Europe is behind, but maybe people start to realise that it's not so great to have that level of dependence on [here the US], and maybe they will be more tolerant.
"Nice datacenter you have. Such a pity that it has ... connection problems. ".
Microsoft is moving everything in the cloud.
(Takes popcorn) EU is doing the same.
Some people never learn.
https://en.wikipedia.org/wiki/Vault_7
The CIA has been caught doing industrial espionage for US firms. And, the French secret service has had a similar leak.
https://www.economist.com/special-report/2003/06/12/airbuss-...
https://archive.seattletimes.com/archive/19930418/1696416/bo...
Only an EU bureaucrat could make a case that states respect the law when spying. I mean, how absurd is that idea?

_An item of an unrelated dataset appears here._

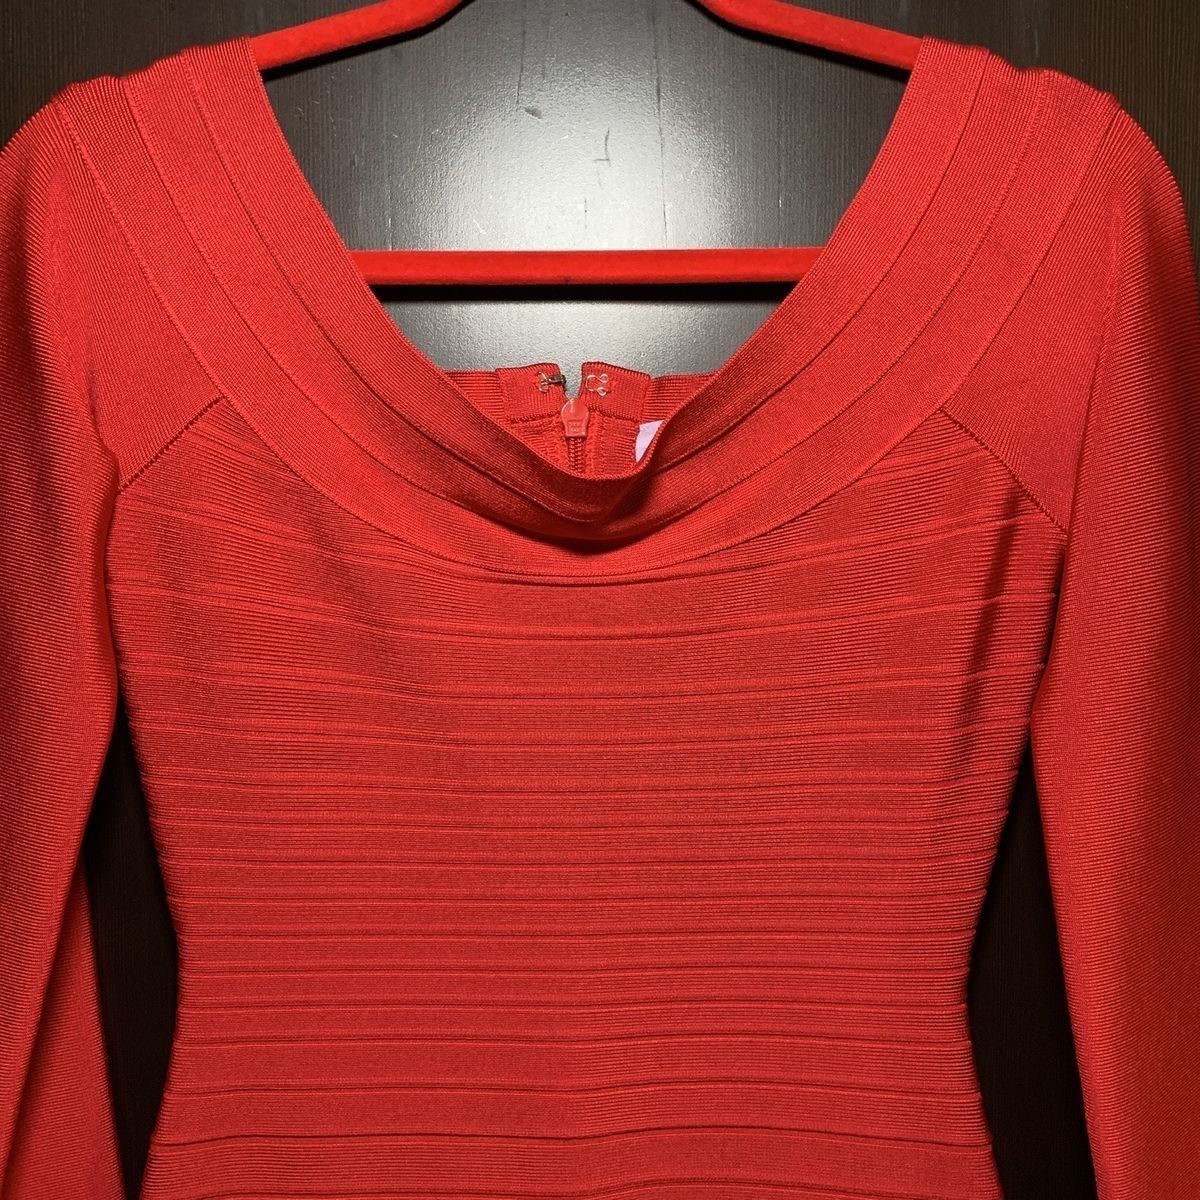 Herve Leger Size 4 Nightclub Long Sleeve Red Cocktail Dress on Queenly
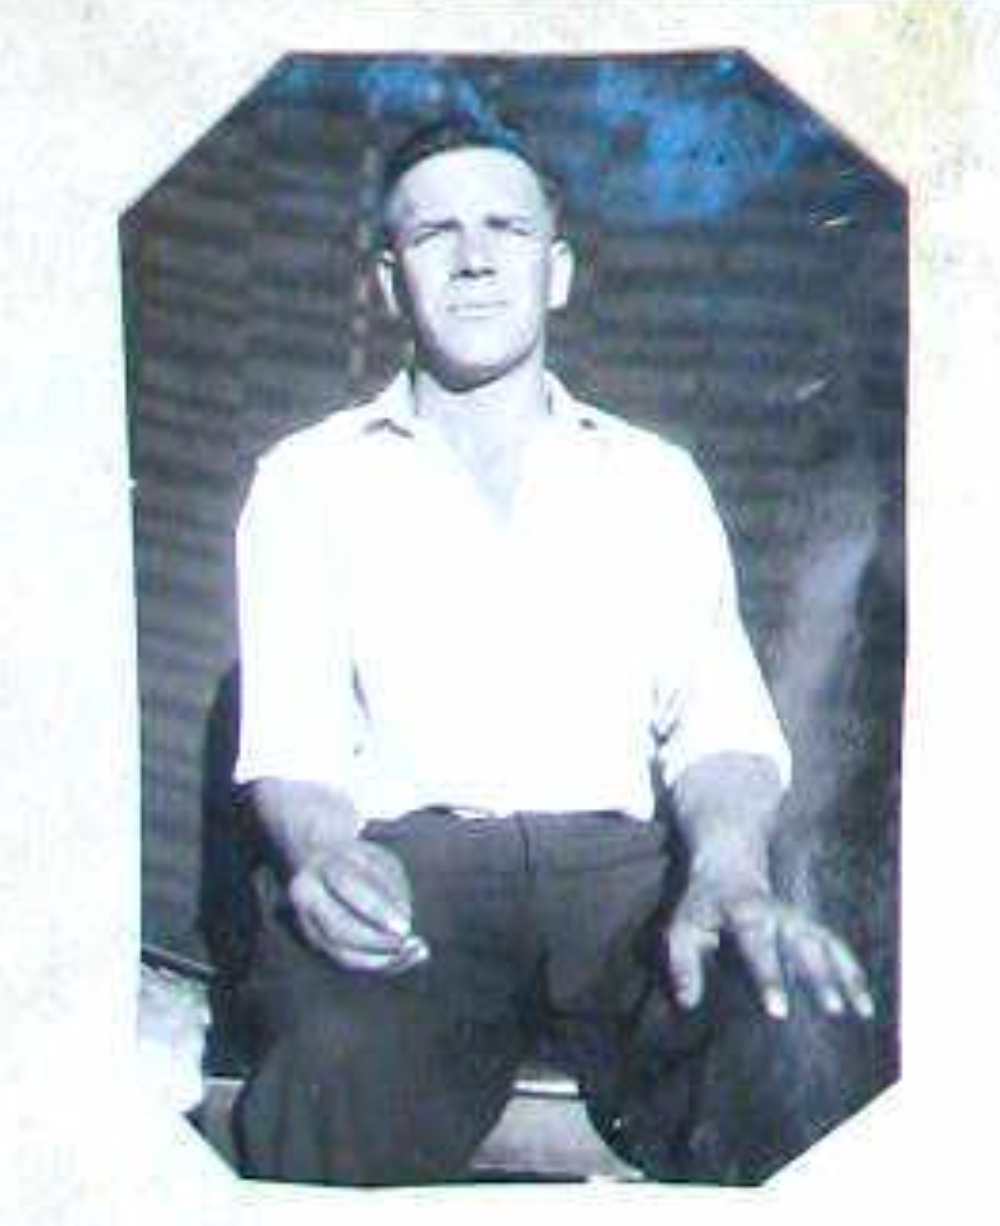 Old black and white photo of Carl Berg sitting on a chair

To make it worse still, France has been caught doing to the same. Their colleagues! And frankly, I'd be deeply disappointed if every EU country and the US aren't currently doing the same to China and 5 other countries right as you're reading this.
In these circumstances, EU bureaucrats apparently are still unwilling to believe that a state would violate laws as they spy. DESPITE their own colleagues doing the same (France violates EU and French law to spy on US companies).
The problem with US spying is not the US CLOUD act. It is using US hardware and software under the effective control of US companies at all. The solution to that cannot be getting a pinky promise, I guess from Trump, that the spying will stop. Even congress repealing that law would mean exactly nothing.
You have an error in your reasoning.
Oh, I'm all in tears. /s EU will not cut its ombilical cord. Not as long as vdL is at the top.